§ EXERCISE OBJECTIVE
Transcribe exactly the lines that fall between the one holding "PETITE BALADE Mousse" and the one holding "Kiki Polo Long Sleeves Top in Pink", inclusive, from the entries below.

§ RECORD EXTRACTS
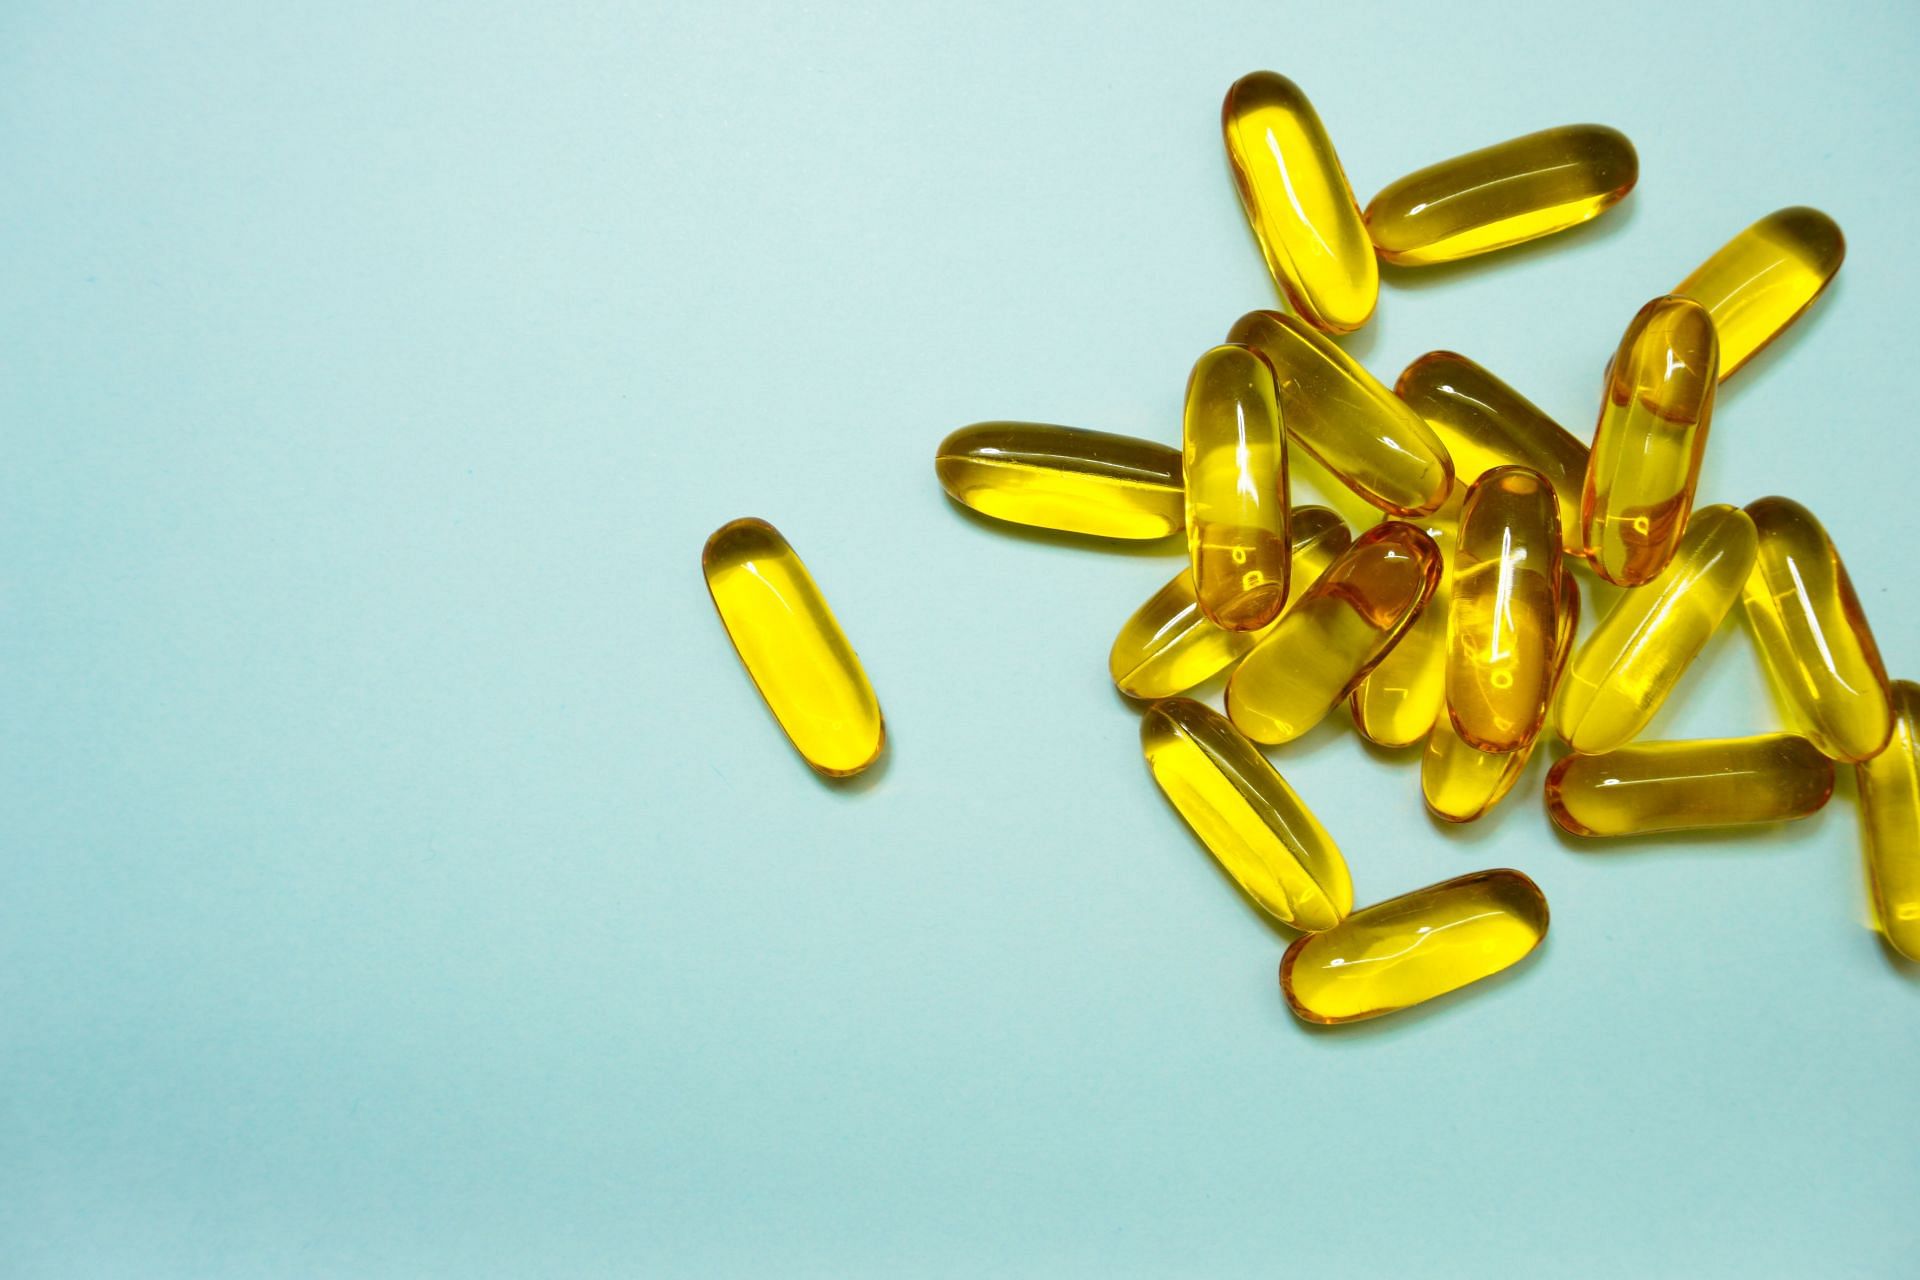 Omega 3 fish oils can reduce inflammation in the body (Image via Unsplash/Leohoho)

==

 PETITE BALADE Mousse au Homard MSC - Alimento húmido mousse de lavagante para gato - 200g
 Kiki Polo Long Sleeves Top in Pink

§ RESPONSE AREA
 PETITE BALADE Mousse au Homard MSC - Alimento húmido mousse de lavagante para gato - 200g
 Kiki Polo Long Sleeves Top in Pink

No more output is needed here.